Researchers at the University of Chicago have developed an algorithm that they say can forecast the location and rate of crime across a city a week in advance.
The academics acknowledge that crime prediction tools have previously “stirred controversy” about bias and surveillance and say they have taken several steps to mitigate these risks. However, other experts still have concerns about how such tools could be used.
The model divides the city into spatial tiles roughly 1,000 feet across and ‘predicts’ crime within these areas. It was tested and validated using historical data from the City of Chicago around violent and property crime. According to the study published in Nature Human Behavior, the model can predict future crimes one week in advance with around 90 percent accuracy and performed just as well with data from seven other US cities: Atlanta, Austin, Detroit, Los Angeles, Philadelphia, Portland, and San Francisco.
It can predict, for example, within a two-block radius where there is a high risk of a homicide in a week’s time, Ishanu Chattopadhyay, Assistant Professor of Medicine at UChicago and senior author of the study, told capitaltribunenews.com.
Chattopadhyay said the tool shouldn’t be compared to Minority Report, a science fiction short story and film set in the future where people are arrested for crimes that haven’t been committed yet.
“We do not focus on predicting individual behaviour,” he said.
Previous crime prediction initiatives have been controversial, such as a now-abandoned programme in Chicago that rated tens of thousands of residents on who was most likely to be caught up in violence, either as a victim or criminal.
The team stresses that their approach differs from other efforts which depict crime as emerging in “hotspots” that spread to surrounding areas. They argue that these tools miss out on the complex social environment of cities, and don’t consider the relationship between crime and the effects of police enforcement.
The tool can also be used to audit bias. The researchers studied the police response to crime by analysing the number of arrests following incidents and comparing those rates among neighbourhoods with different socioeconomic status. They saw that crime in wealthier areas resulted in more arrests than in poorer neighbourhoods.
According to Chattopadhyay, the open nature of the model further sets it apart. “The data is public, the algorithm is open source, and consequently the results may be replicated by anyone with access to a moderately powerful computing setup,” he says.

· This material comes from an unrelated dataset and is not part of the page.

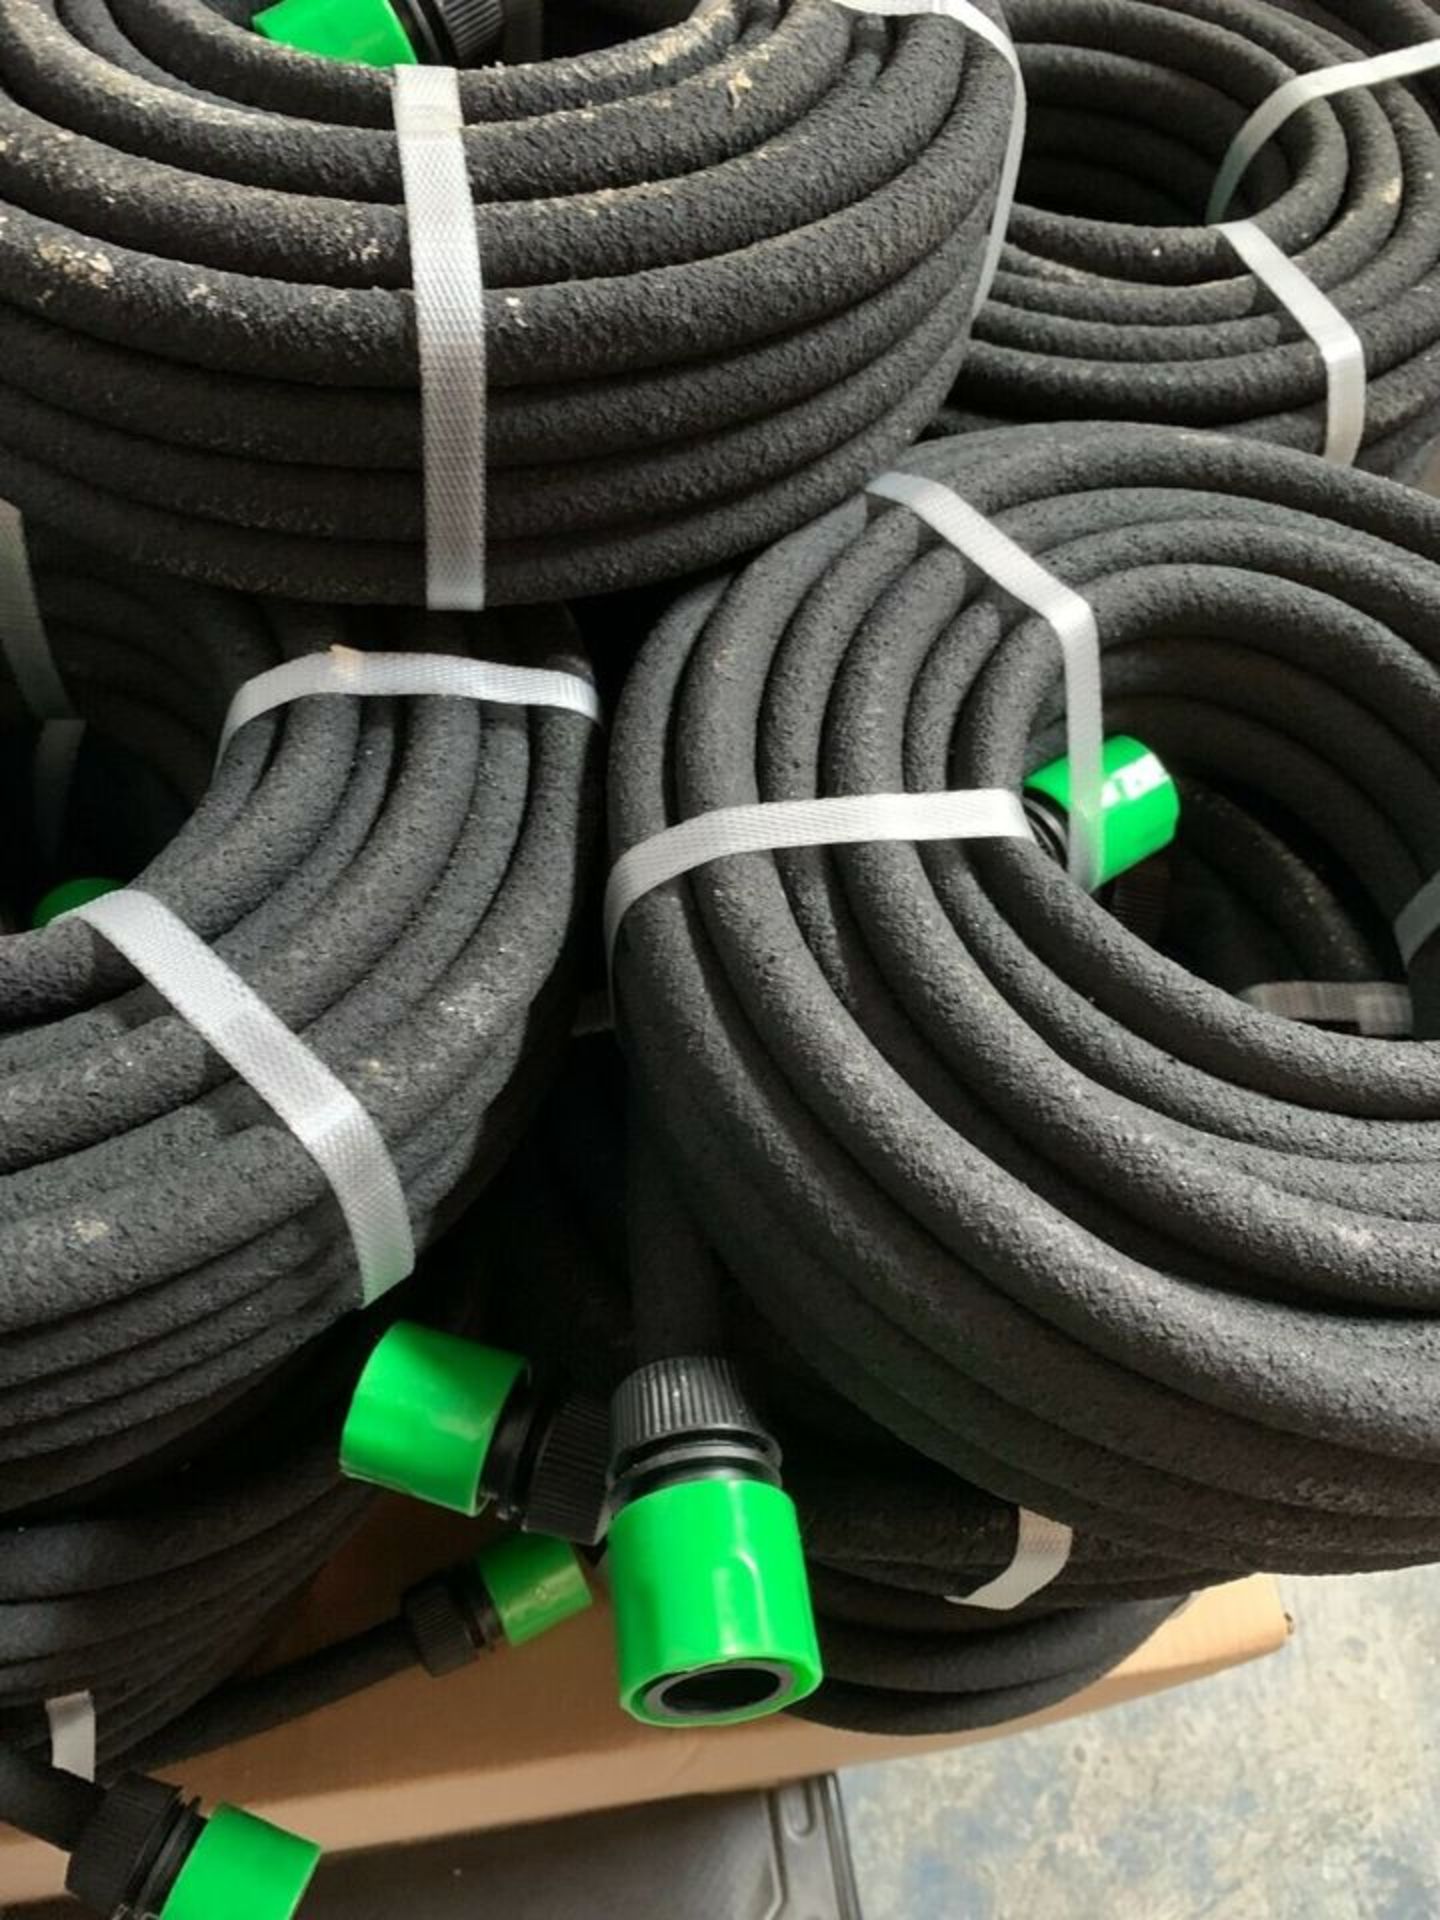 JOBLOT WHOLESALE OF 50 X GARDEN POROUS SOAKER HOSE AUTOMATIC DRIP LEAKY WATERING

Machine learning algorithms often need “features” as inputs, which are determined by data science or domain experts. The new algorithm has no requirement for this human input as it processes the raw event logs directly.
“This might be seen as a step towards democratisation of AI: there are no hidden inputs, no data annotations that are privy to the ‘authorities’, and no one is sitting down and keying in parameters that would then be used to define and identify bad or ‘at risk’ behaviours,” said Chattopadhyay.
“That does not mean we have eliminated potential bias,” he added. “The data might have bias built in. For example, over-policing disadvantaged communities will falsely elevate the relative crime rate, and the inference algorithm will not be able to tell. So we have to be careful how this, and such similar tools, are used.
“We must leverage this technology to help communities, to recognise biases where they exist, and move towards a better society, not flood disadvantaged communities with more enforcement.”
However, others point out that the creators of algorithms have little control over how they’re used in practice.
Vincent M. Southerland, an Assistant Professor of Clinical Law and Co-Faculty Director of the Center on Race, Inequality and the Law at NYU School of Law, told capitaltribunenews.com: “I don’t envision police departments using this tool to figure out ways to allocate resources that actually address the underlying problems which lead to people’s involvement in the criminal legal system.
“I certainly see it being used to figure out where to deploy police resources. And in that vein, I think it’s going to contribute to the same type of over-policing as we’ve seen in communities of colour, historically across the board.”
He said such tools can “cast a net of suspicion” over everyone in an area as a potential criminal.
Emily Bender, Professor of Linguistics at the University of Washington, posted a Twitter thread critiquing the research, including questioning why crimes such as wage theft, financial fraud and environmental violations receive less attention.
Chattopadhyay said: “We are being cautious on deployment given the many, many unintended consequences that such technology might have. But the tool itself is pretty complete and can be deployed quickly.
“We are putting together the best avenue for that, but we might see some deployments of this tool within a year.”